◆ **Dataset items**
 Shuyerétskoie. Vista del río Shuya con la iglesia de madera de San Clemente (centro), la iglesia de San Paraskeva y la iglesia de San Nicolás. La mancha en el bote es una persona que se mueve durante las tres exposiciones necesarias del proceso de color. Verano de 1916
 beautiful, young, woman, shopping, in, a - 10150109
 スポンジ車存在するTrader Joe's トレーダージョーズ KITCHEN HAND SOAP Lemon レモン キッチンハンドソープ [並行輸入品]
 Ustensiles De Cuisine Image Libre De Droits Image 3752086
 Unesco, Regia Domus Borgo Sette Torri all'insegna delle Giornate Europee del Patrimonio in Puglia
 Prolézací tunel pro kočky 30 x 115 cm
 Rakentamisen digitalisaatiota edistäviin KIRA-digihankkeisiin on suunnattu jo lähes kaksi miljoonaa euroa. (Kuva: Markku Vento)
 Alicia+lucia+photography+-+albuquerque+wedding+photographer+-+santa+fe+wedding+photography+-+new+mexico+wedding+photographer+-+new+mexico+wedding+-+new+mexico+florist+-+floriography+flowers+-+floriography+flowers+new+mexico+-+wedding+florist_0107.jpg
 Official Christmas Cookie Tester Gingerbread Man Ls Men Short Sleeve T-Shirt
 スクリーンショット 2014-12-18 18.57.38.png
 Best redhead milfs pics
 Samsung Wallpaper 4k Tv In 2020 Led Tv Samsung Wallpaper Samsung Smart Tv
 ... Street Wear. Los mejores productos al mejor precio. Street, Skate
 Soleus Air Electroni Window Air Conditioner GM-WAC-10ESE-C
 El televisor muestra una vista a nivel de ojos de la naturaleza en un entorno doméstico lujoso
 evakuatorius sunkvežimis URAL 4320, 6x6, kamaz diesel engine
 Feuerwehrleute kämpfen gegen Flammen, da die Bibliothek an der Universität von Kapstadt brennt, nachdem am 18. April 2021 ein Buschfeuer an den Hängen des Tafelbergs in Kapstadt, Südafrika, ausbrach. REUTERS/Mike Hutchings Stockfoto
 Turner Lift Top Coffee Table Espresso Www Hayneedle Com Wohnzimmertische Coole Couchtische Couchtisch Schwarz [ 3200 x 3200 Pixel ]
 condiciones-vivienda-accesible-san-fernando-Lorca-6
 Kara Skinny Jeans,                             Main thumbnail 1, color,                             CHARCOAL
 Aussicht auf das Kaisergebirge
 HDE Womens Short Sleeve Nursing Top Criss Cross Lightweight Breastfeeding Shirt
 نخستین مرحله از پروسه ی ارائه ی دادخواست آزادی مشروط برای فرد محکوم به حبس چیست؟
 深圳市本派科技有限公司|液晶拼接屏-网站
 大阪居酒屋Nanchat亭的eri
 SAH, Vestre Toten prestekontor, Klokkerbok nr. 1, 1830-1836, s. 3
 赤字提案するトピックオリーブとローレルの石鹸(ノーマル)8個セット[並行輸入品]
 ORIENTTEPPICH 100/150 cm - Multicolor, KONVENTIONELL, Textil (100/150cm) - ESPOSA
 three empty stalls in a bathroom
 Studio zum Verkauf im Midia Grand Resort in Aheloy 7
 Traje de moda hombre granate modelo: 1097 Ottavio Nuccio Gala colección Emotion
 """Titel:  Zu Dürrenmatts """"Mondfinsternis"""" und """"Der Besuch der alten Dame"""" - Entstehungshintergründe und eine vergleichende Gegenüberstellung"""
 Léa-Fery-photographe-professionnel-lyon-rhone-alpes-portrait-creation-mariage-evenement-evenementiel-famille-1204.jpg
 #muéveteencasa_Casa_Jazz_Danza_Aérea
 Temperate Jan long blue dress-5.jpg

◆ **Try it**
Print every record exactly as it was given.

◆ **The completed task**
 Shuyerétskoie. Vista del río Shuya con la iglesia de madera de San Clemente (centro), la iglesia de San Paraskeva y la iglesia de San Nicolás. La mancha en el bote es una persona que se mueve durante las tres exposiciones necesarias del proceso de color. Verano de 1916
 beautiful, young, woman, shopping, in, a - 10150109
 スポンジ車存在するTrader Joe's トレーダージョーズ KITCHEN HAND SOAP Lemon レモン キッチンハンドソープ [並行輸入品]
 Ustensiles De Cuisine Image Libre De Droits Image 3752086
 Unesco, Regia Domus Borgo Sette Torri all'insegna delle Giornate Europee del Patrimonio in Puglia
 Prolézací tunel pro kočky 30 x 115 cm
 Rakentamisen digitalisaatiota edistäviin KIRA-digihankkeisiin on suunnattu jo lähes kaksi miljoonaa euroa. (Kuva: Markku Vento)
 Alicia+lucia+photography+-+albuquerque+wedding+photographer+-+santa+fe+wedding+photography+-+new+mexico+wedding+photographer+-+new+mexico+wedding+-+new+mexico+florist+-+floriography+flowers+-+floriography+flowers+new+mexico+-+wedding+florist_0107.jpg
 Official Christmas Cookie Tester Gingerbread Man Ls Men Short Sleeve T-Shirt
 スクリーンショット 2014-12-18 18.57.38.png
 Best redhead milfs pics
 Samsung Wallpaper 4k Tv In 2020 Led Tv Samsung Wallpaper Samsung Smart Tv
 ... Street Wear. Los mejores productos al mejor precio. Street, Skate
 Soleus Air Electroni Window Air Conditioner GM-WAC-10ESE-C
 El televisor muestra una vista a nivel de ojos de la naturaleza en un entorno doméstico lujoso
 evakuatorius sunkvežimis URAL 4320, 6x6, kamaz diesel engine
 Feuerwehrleute kämpfen gegen Flammen, da die Bibliothek an der Universität von Kapstadt brennt, nachdem am 18. April 2021 ein Buschfeuer an den Hängen des Tafelbergs in Kapstadt, Südafrika, ausbrach. REUTERS/Mike Hutchings Stockfoto
 Turner Lift Top Coffee Table Espresso Www Hayneedle Com Wohnzimmertische Coole Couchtische Couchtisch Schwarz [ 3200 x 3200 Pixel ]
 condiciones-vivienda-accesible-san-fernando-Lorca-6
 Kara Skinny Jeans,                             Main thumbnail 1, color,                             CHARCOAL
 Aussicht auf das Kaisergebirge
 HDE Womens Short Sleeve Nursing Top Criss Cross Lightweight Breastfeeding Shirt
 نخستین مرحله از پروسه ی ارائه ی دادخواست آزادی مشروط برای فرد محکوم به حبس چیست؟
 深圳市本派科技有限公司|液晶拼接屏-网站
 大阪居酒屋Nanchat亭的eri
 SAH, Vestre Toten prestekontor, Klokkerbok nr. 1, 1830-1836, s. 3
 赤字提案するトピックオリーブとローレルの石鹸(ノーマル)8個セット[並行輸入品]
 ORIENTTEPPICH 100/150 cm - Multicolor, KONVENTIONELL, Textil (100/150cm) - ESPOSA
 three empty stalls in a bathroom
 Studio zum Verkauf im Midia Grand Resort in Aheloy 7
 Traje de moda hombre granate modelo: 1097 Ottavio Nuccio Gala colección Emotion
 """Titel:  Zu Dürrenmatts """"Mondfinsternis"""" und """"Der Besuch der alten Dame"""" - Entstehungshintergründe und eine vergleichende Gegenüberstellung"""
 Léa-Fery-photographe-professionnel-lyon-rhone-alpes-portrait-creation-mariage-evenement-evenementiel-famille-1204.jpg
 #muéveteencasa_Casa_Jazz_Danza_Aérea
 Temperate Jan long blue dress-5.jpg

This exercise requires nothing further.